Some sawn-in-half lenses, an article about the Technisches Museum in Berlin:

Thought you might get a kick out of this...

Blog Article here.


----------



## Yahoozy (Jul 11, 2008)

oh dear god i didnt know lenses were nearly this complicated-looking hahah


----------



## lostprophet (Jul 11, 2008)

Love lenses like that, one of the best things about Nikon UK is their collection of lenses and cameras that have been cut. Also there was the F4 they had on an A0 board that had been taken apart and every little part was stuck to the board.
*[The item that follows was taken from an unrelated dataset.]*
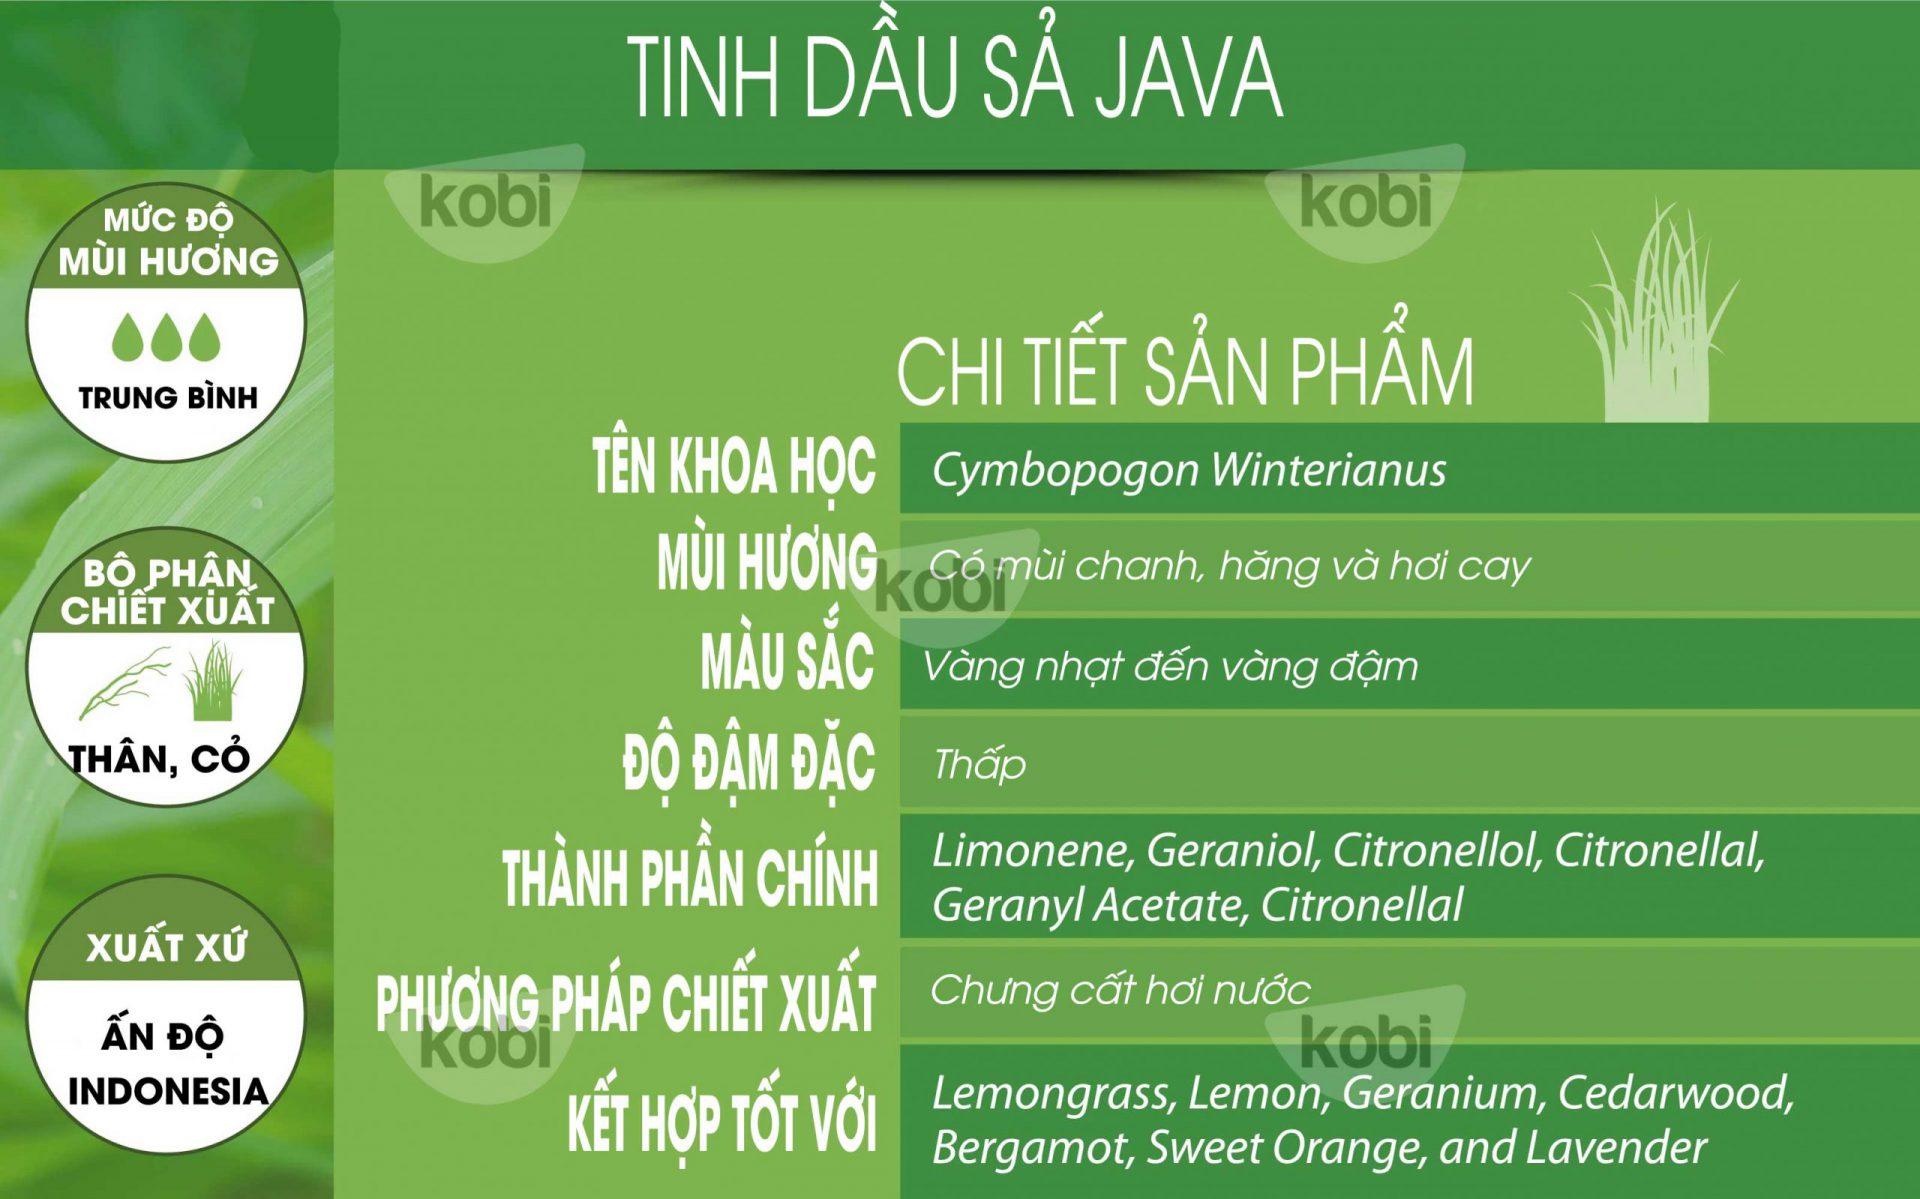 Tinh dầu sả java kobi (Citronella java essential oil)

I have a pair of Swarovski EL Binoculars that have been cut, maybe I'll take a pic of them later


----------



## Steph (Jul 11, 2008)

Just out of curiosity, do you know what lenses they are?


----------



## Overread (Jul 11, 2008)

Nice!
Be interesting to see some of the dials turned on the lens so as to see the moving parts stick out of the plane.


----------



## lostprophet (Jul 11, 2008)

first ones looks like the Leica Tri-Elmar


----------



## usayit (Jul 11, 2008)

yes it is... (focusing tab and you can barely read RI-ELMAR on the lens ring)
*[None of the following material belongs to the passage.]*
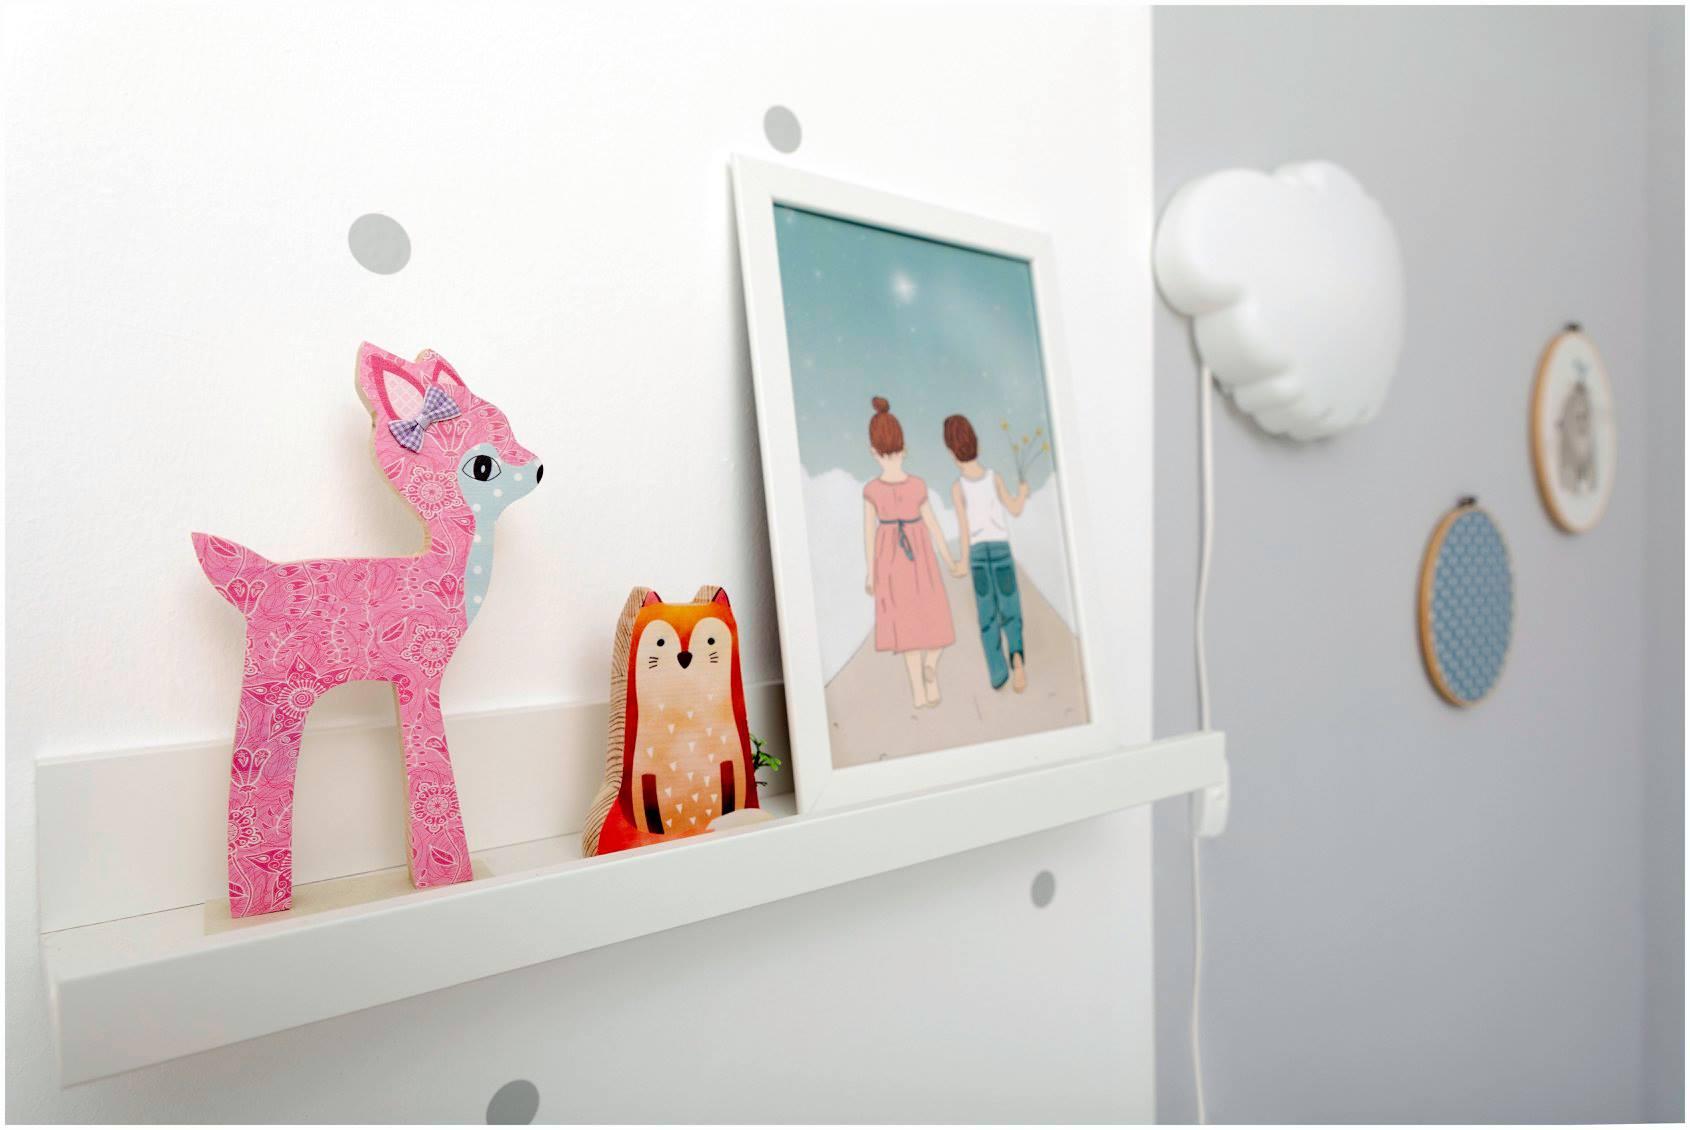 עיצוב חדר ילדים עפרי ורואי 09

I get mine back today (hopefully)... took a bad fall (butter-fingers!) and focusing ring became extremely stiff.  Its complex enough that Leica, NJ refused to even look at it....


I like the photo of the 1930s bessa leaf-shutter mechanism..... just imagine the skill required to build such mechanical wonders.


----------



## Helen B (Jul 11, 2008)

Yes, it's the second version of the first Tri-Elmar - the 28-35-50 - which is now out of production. It's in the 35 mm position. The only current Tri-Elmar is the 16-18-21.

Best,
Helen


----------



## lostprophet (Jul 11, 2008)

usayit said:


> Its complex enough that Leica, NJ refused to even look at it....
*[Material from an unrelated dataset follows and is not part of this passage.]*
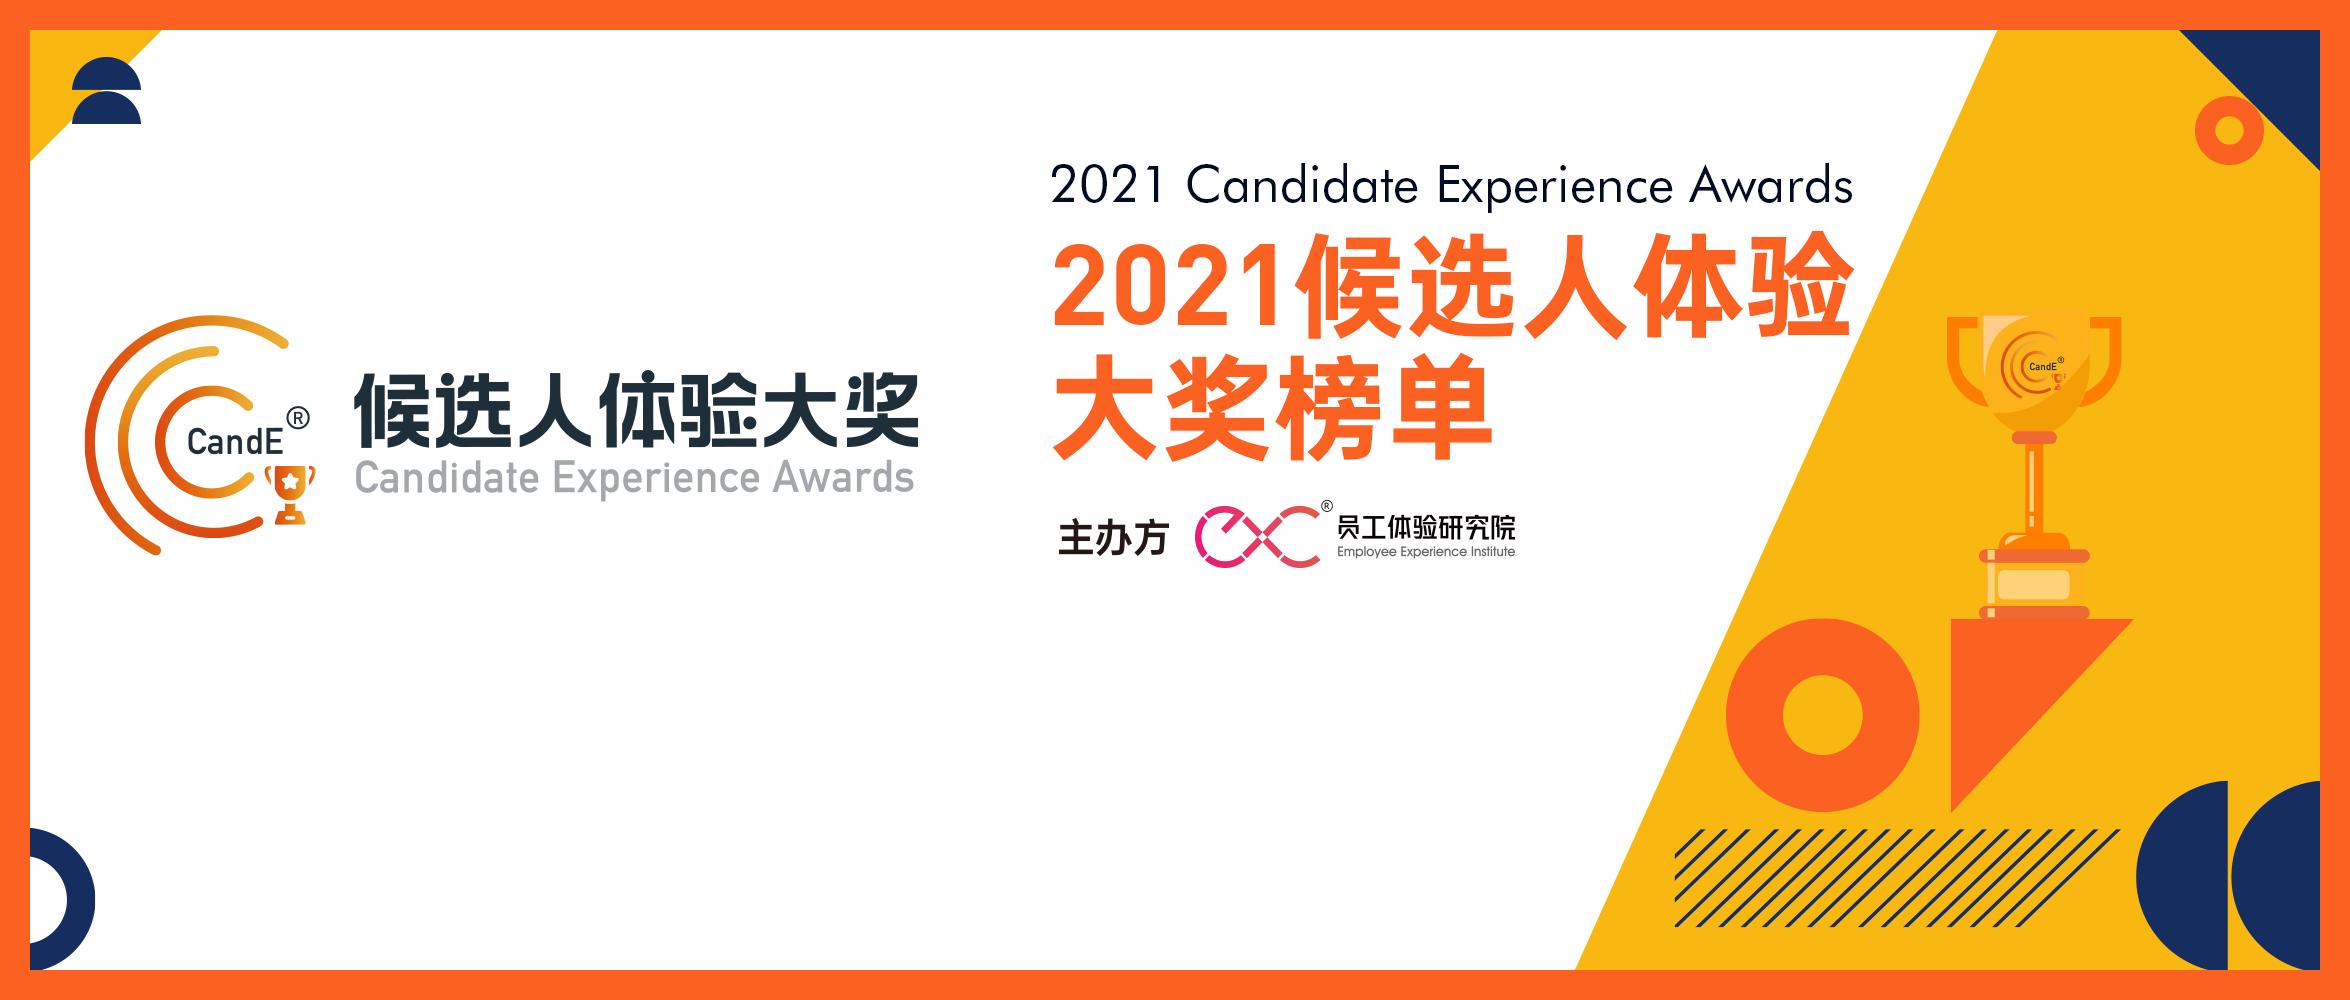 【祝贺】2021候选人体验大奖隆重揭晓

thats nothing, Leica UK have to send most binocular repairs to Germany


----------



## usayit (Jul 11, 2008)

Do they repair anything at Leica, UK?  I've heard a lot of stuff gets sent out.  Leica, NJ has been working on improving their service.  

In other news... My Tri-Elmar is back in full working condition and the focus is buttery smooth once again.   It took over 5 months to have it sent to Germany, reject their quote, and send it back.  It took the local repair shop 1 week and 1/2 Leica, Germany's quoted price to bring it back to life.  The repair guy smirked and said in his broken english "don't drop... rare, expensive, heavy lens".  I laughed and said you betcha!  He loved my Epson R-D1 that I brought along for a test.... spent about 15-20 mins explaining to him the wonderful digital tool we all know as the "Histogram".  (there's something "grandfatherish" about him.. heheh lol)

Looking at the picture above, I can see how just one off-part by a hair can cause a world of trouble...


----------